WHAT IS EXPECTED: Copy all the data exactly, except the pictures.

DATA EXCERPT:
• • • • •
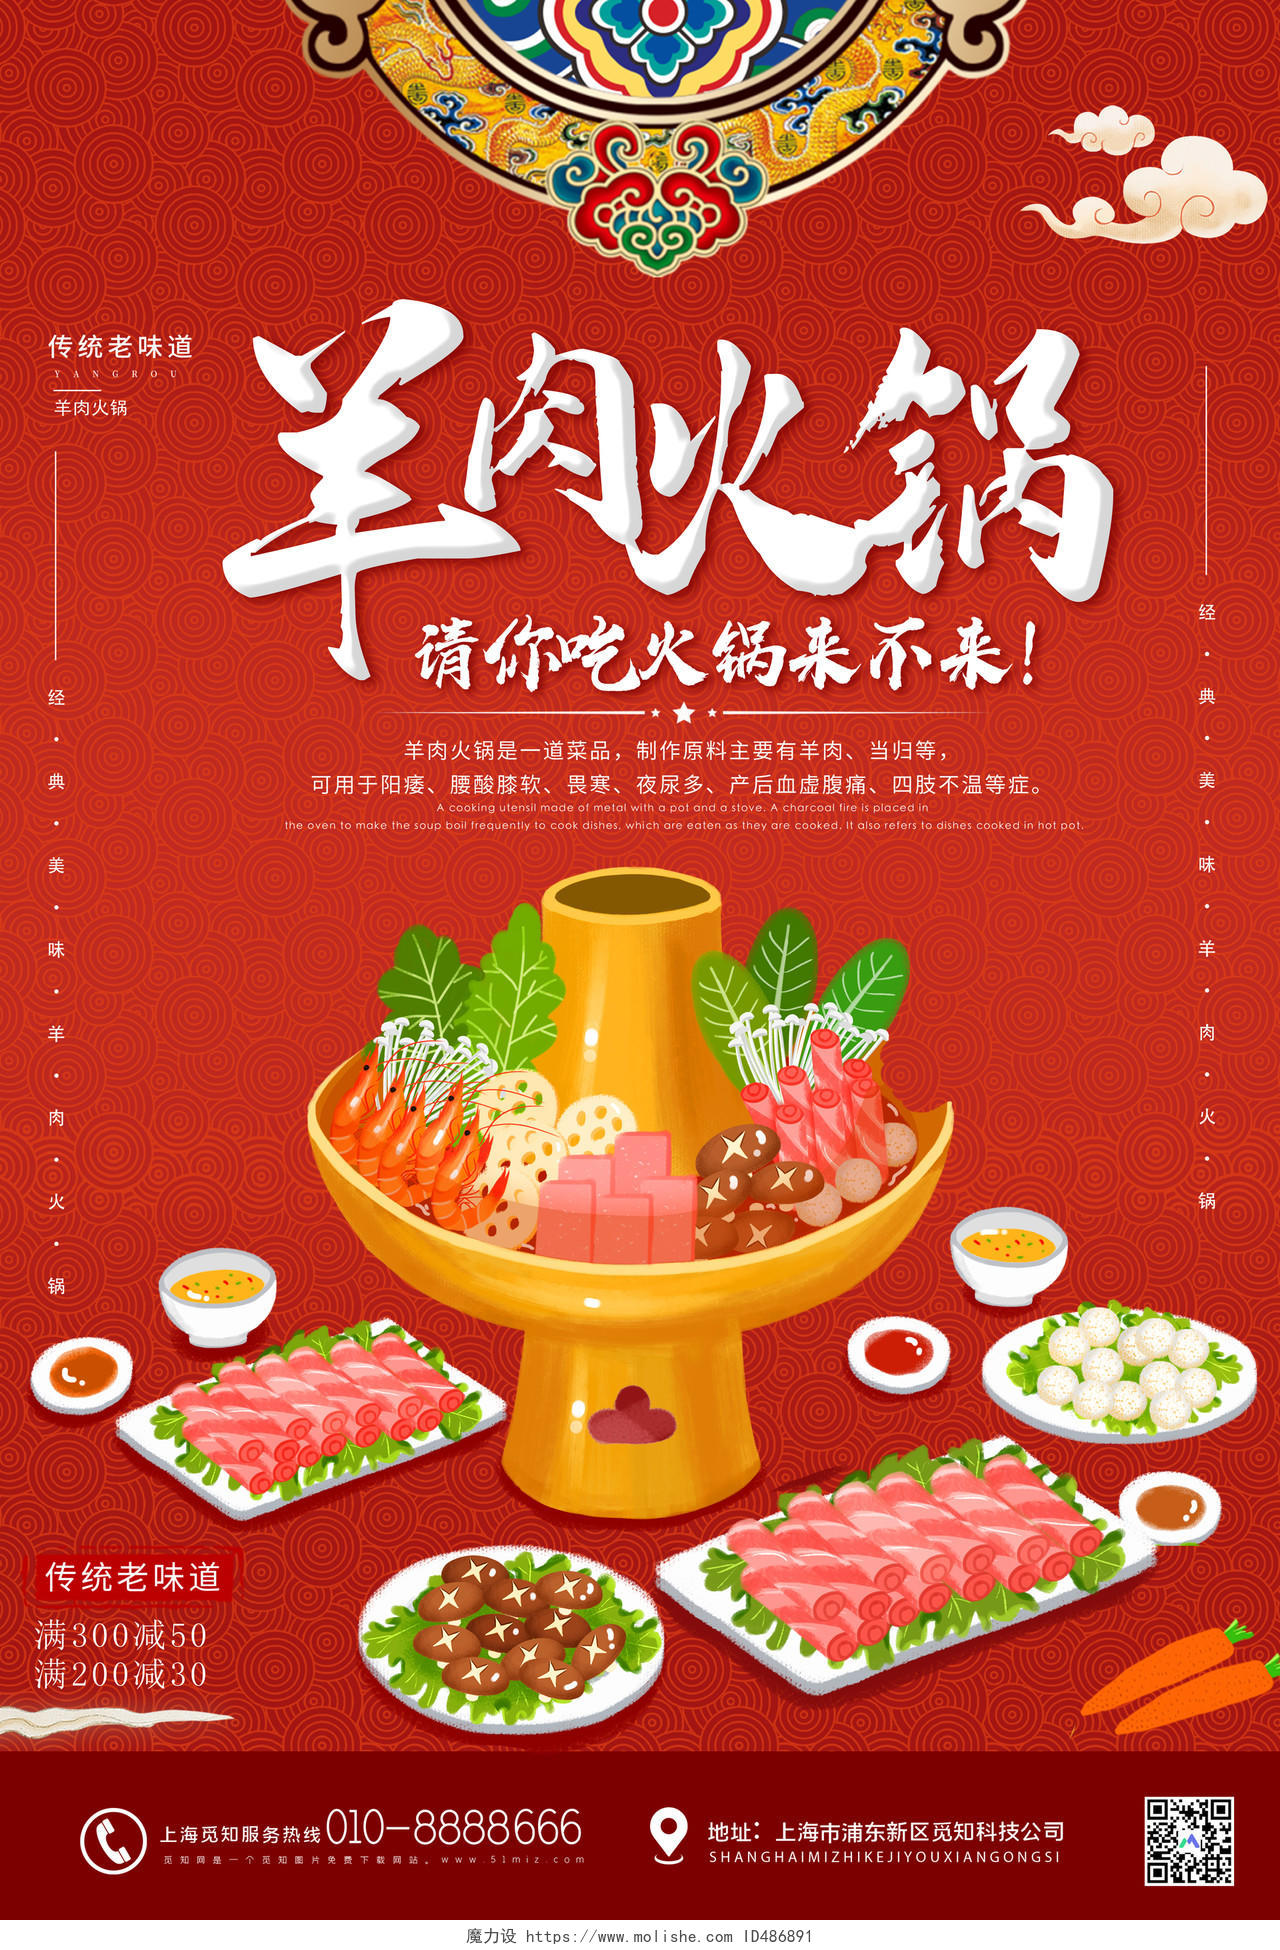 红色简约羊肉火锅传统味道海报
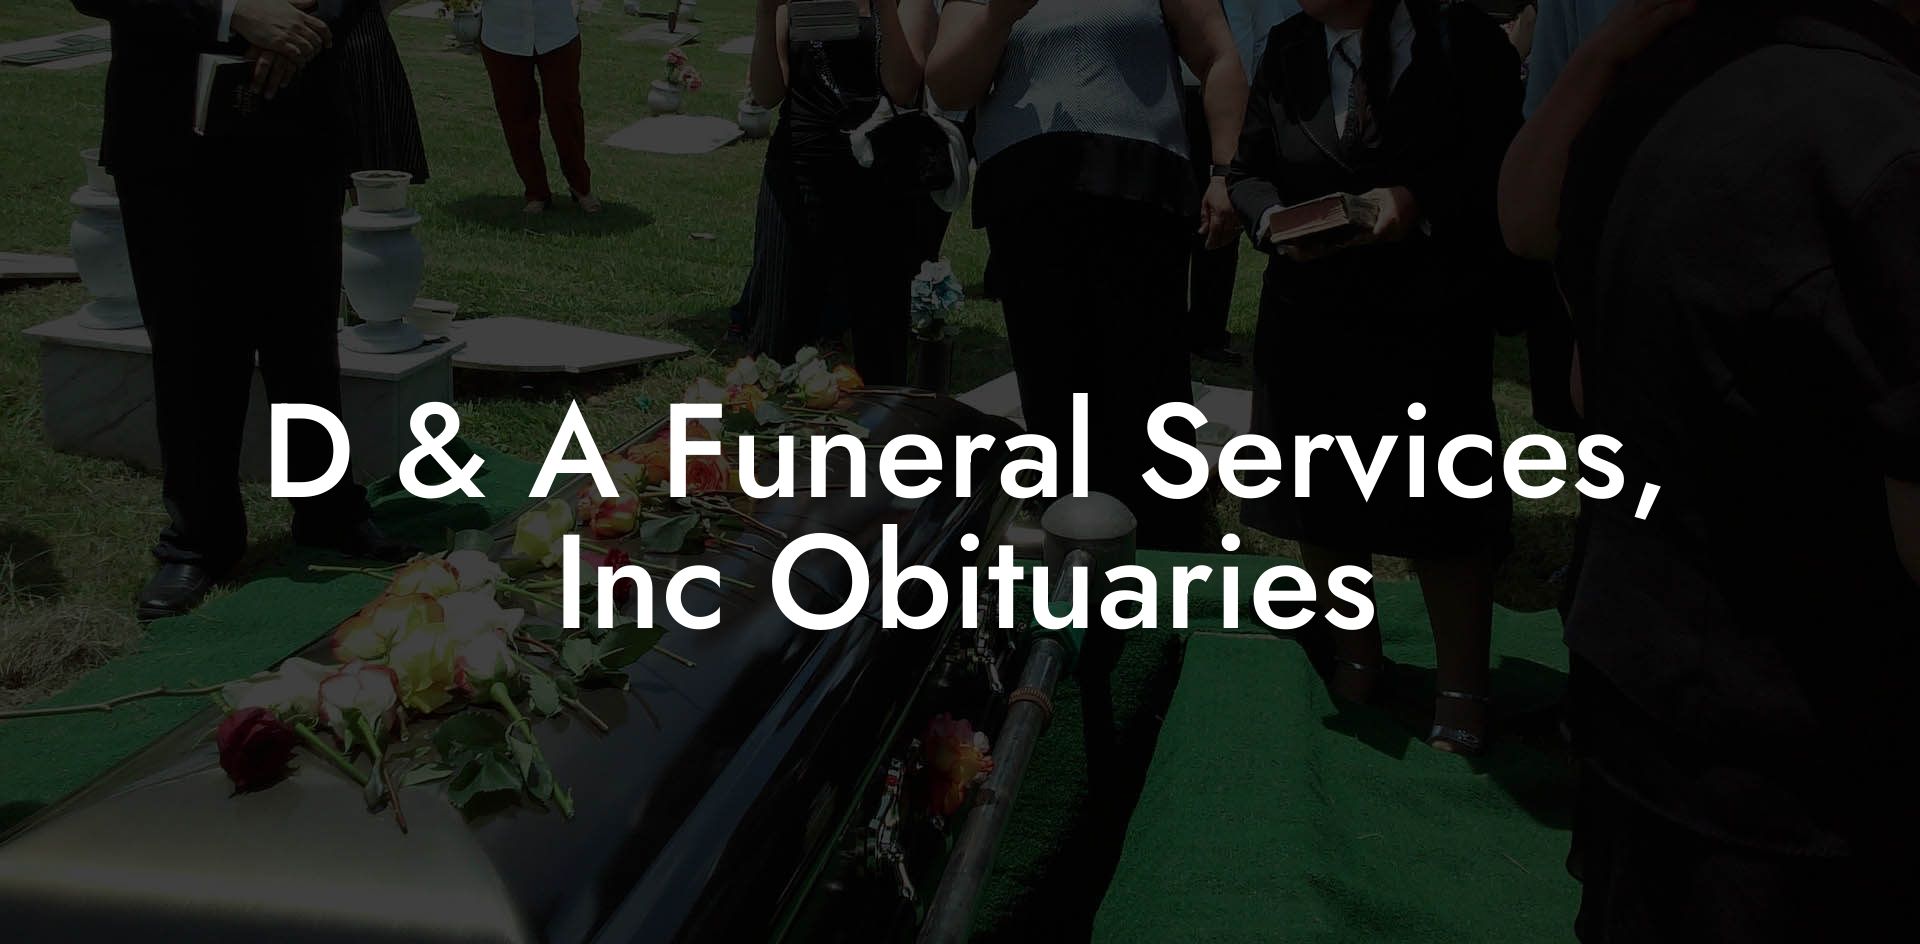 D & A Funeral Services, Inc Obituaries
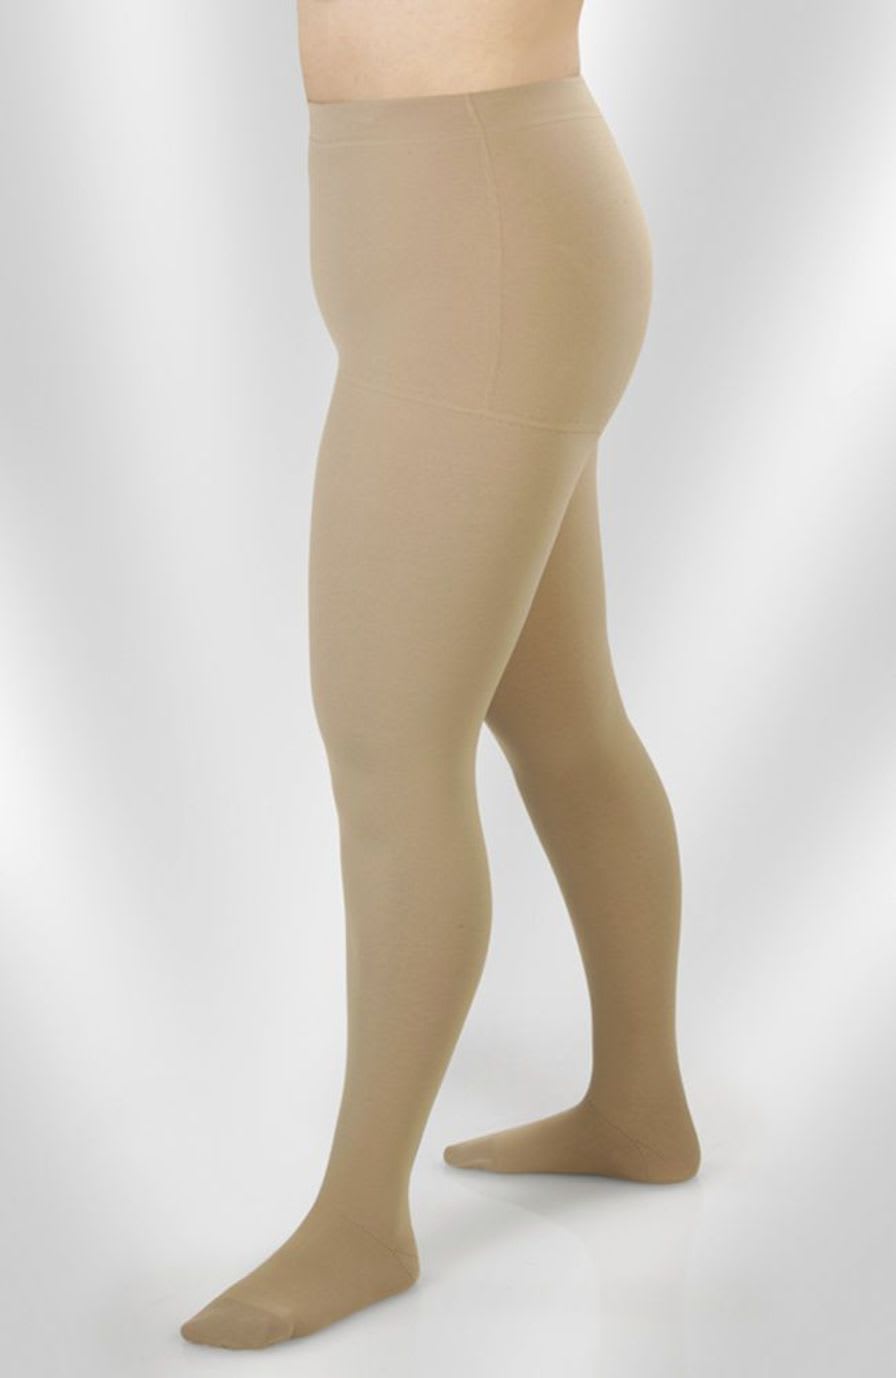 Pantyhose (orthopedic clothing) / compression / woman Juzo® Expert Juzo
• • • • •
YOUR RESPONSE:
 红色简约羊肉火锅传统味道海报
 D & A Funeral Services, Inc Obituaries
 Pantyhose (orthopedic clothing) / compression / woman Juzo® Expert Juzo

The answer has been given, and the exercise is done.